--- Exercise materials ---

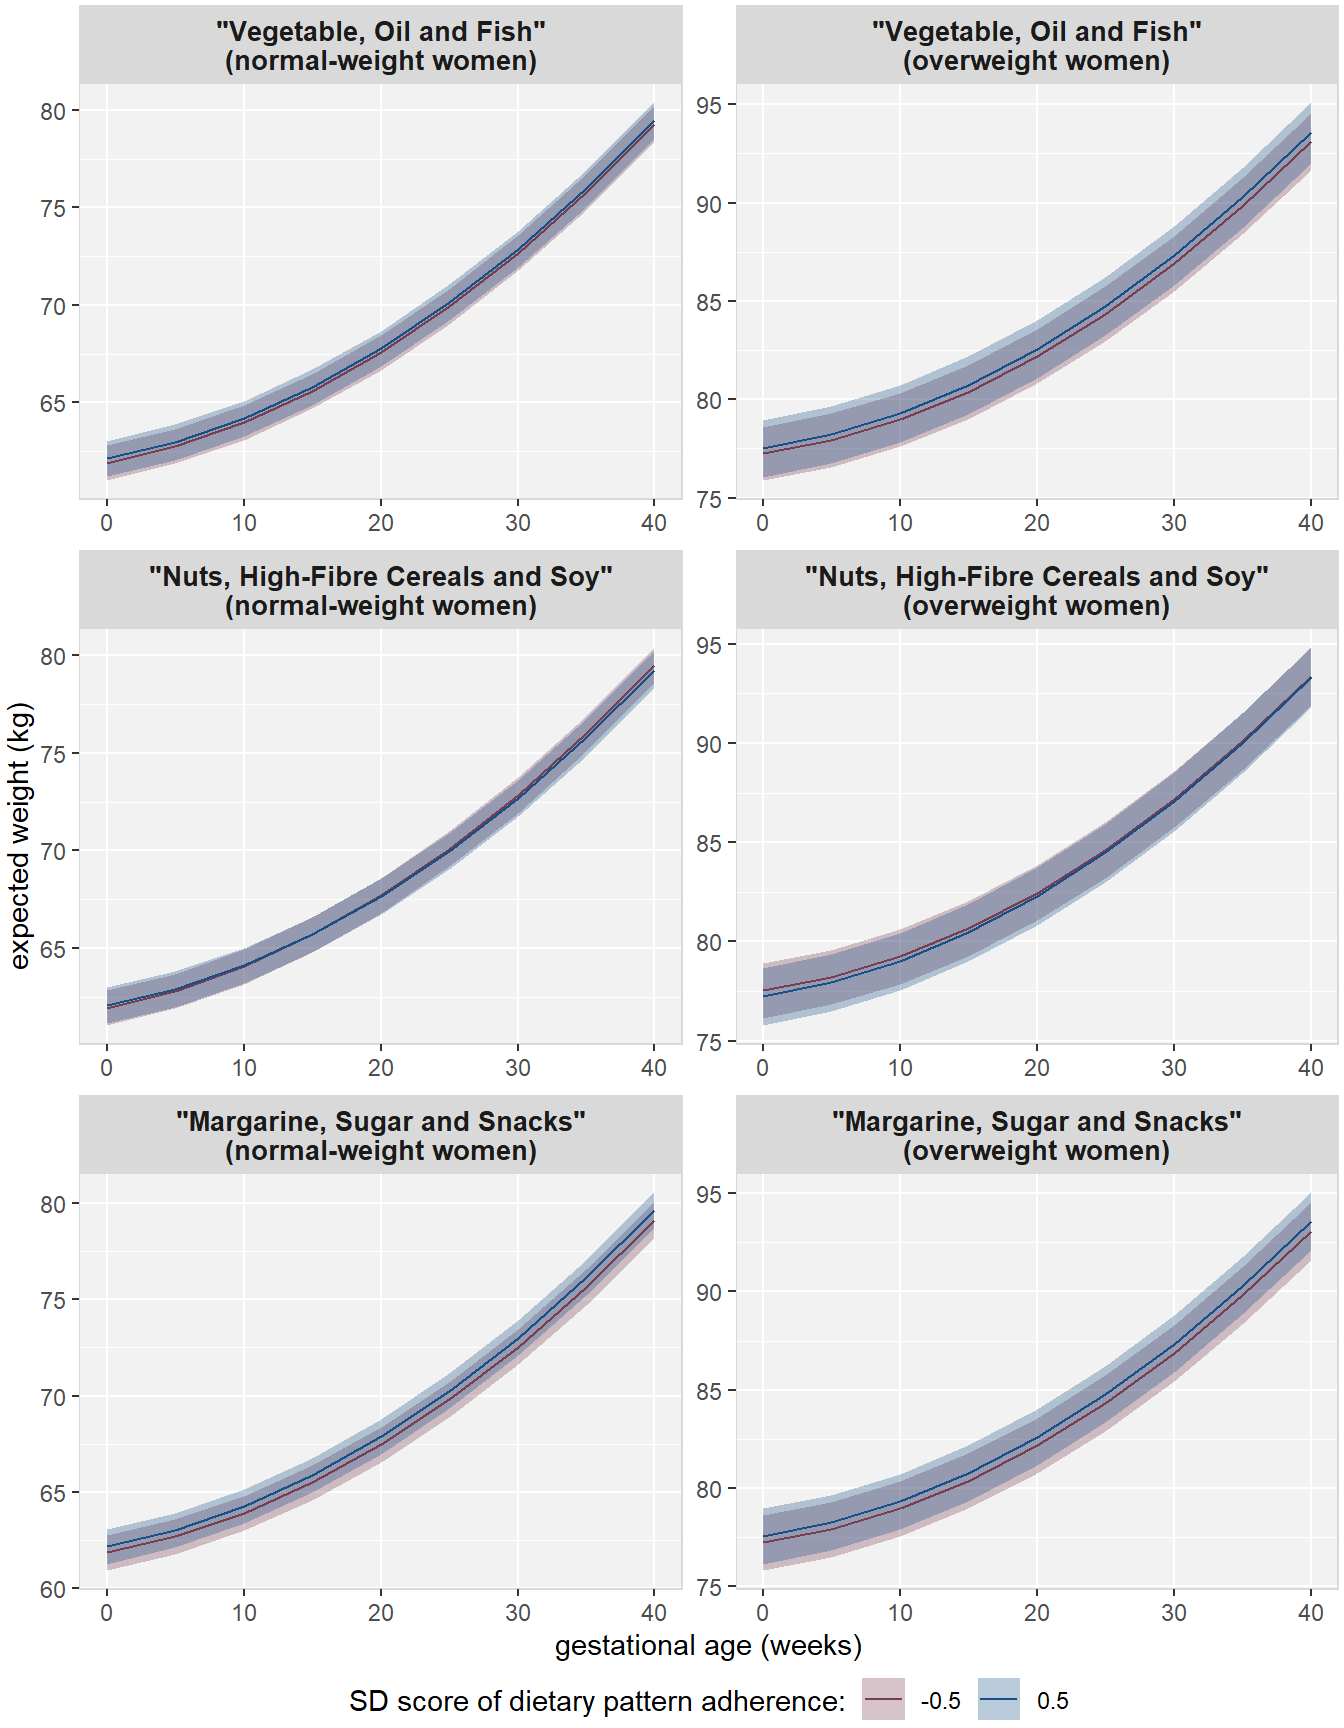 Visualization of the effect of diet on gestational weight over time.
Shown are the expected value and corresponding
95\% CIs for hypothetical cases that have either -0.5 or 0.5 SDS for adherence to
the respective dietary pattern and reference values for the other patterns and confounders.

---
--- Exercise materials ---

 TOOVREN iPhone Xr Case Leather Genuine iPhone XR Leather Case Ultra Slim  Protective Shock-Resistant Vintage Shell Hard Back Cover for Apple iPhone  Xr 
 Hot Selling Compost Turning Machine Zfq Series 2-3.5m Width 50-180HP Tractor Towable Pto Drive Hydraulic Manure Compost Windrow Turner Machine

---
--- Exercise materials ---

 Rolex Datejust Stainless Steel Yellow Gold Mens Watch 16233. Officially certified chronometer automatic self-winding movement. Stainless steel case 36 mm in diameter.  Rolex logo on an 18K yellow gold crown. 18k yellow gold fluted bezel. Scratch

---

Activity
Please give an exact copy of the entries above, from the line with "TOOVREN iPhone Xr" down to the line with "Hot Selling Compost", inclusive, and nothing else.

Expected answer
 TOOVREN iPhone Xr Case Leather Genuine iPhone XR Leather Case Ultra Slim  Protective Shock-Resistant Vintage Shell Hard Back Cover for Apple iPhone  Xr 
 Hot Selling Compost Turning Machine Zfq Series 2-3.5m Width 50-180HP Tractor Towable Pto Drive Hydraulic Manure Compost Windrow Turner Machine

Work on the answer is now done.